Todos, de una u otra forma, somos actores. La vida es un gran escenario, en el que los humanos representamos nuestro particular papel. Algunos, como profesionales afamados, deslumbrantes en los grandes escenarios teatrales. Otros se esfuerzan cada día, como comparsas, en ganar su honrado sustento. Y el resto, que somos la inmensa mayoría, desarrollamos roles interpretativos marcando las páginas de esos veloces almanaques. ¿El escenario? nuestro entrañable microcosmos vivencial. La trama argumental la creamos o improvisamos en cada momento. Somos actores y al tiempo espectadores. Nuestro anonimato es universal.
LEANDRO Laguinda había ejercido como maestro de primaria, durante más de tres décadas. Al igual que ocurre con todos los ciudadanos, le llegó la hora “gozosa” de la jubilación. Como a tantas personas les ocurre, el pasar de una vida reglada, en horarios y obligaciones, a una situación abierta carente de condicionantes marcados por el reloj, libre de normativas profesionales, le produjo la natural dificultad para la adaptación.

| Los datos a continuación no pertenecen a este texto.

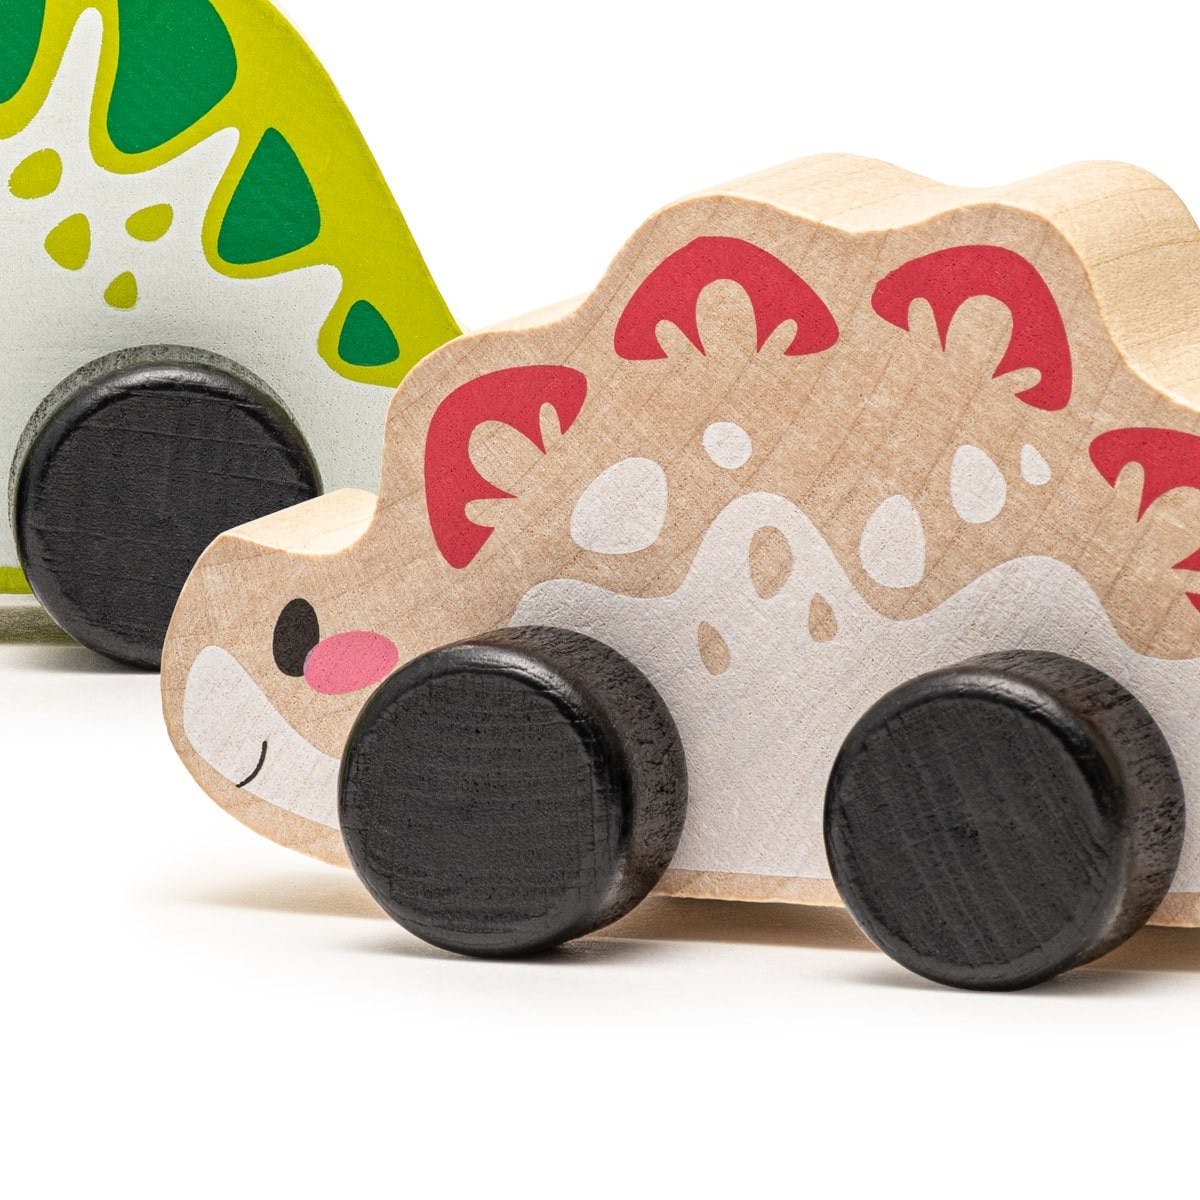 Cubika - Wooden toy set "Joyful dinos" - Playlaan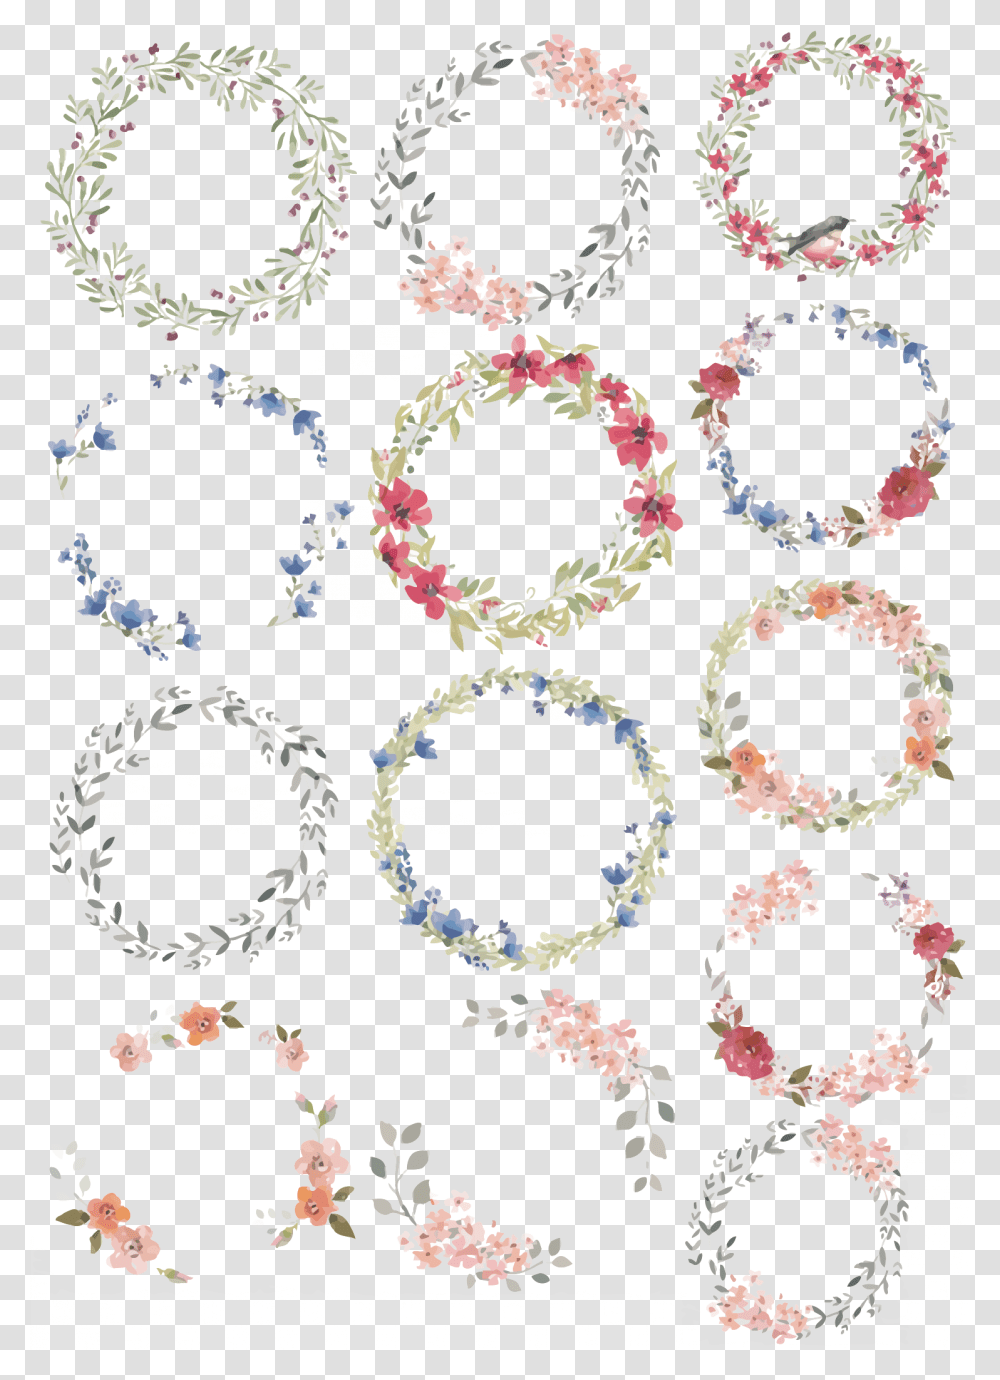 Anar Clipart Dibujo Corona De Flores, Floral Design, Pattern Transparent Png

Por esas complejas razones de la vida, difíciles siempre de explicar, Leandro no se había casado, manteniendo la convivencia con su madre doña AFLIGIDA, que había sido madre soltera a causa de los “deslices” juveniles poco meditados, en el hogar familiar. Gozar de una madre tan longeva conlleva, como es natural, muchos beneficios y algunas dificultades. Aunque el antiguo educador era muy hacendoso con los trabajos para cuidar bien su casa, la avanzada edad de su madre les aconsejó contratar a una joven procedente de una localidad rondeña, llamada NICANORA, fuerte y robusta, que trabajaba para la familia Laguinda Almirez tres días a la semana, “echando una mano” en limpieza, lavado, tendido, planchado, además de cocina, especialmente para los almuerzos del medio día. Además, la voluntariosa chica hacía compañía a doña Afligida, que pasaba horas en su mecedora, leyendo o viendo la televisión.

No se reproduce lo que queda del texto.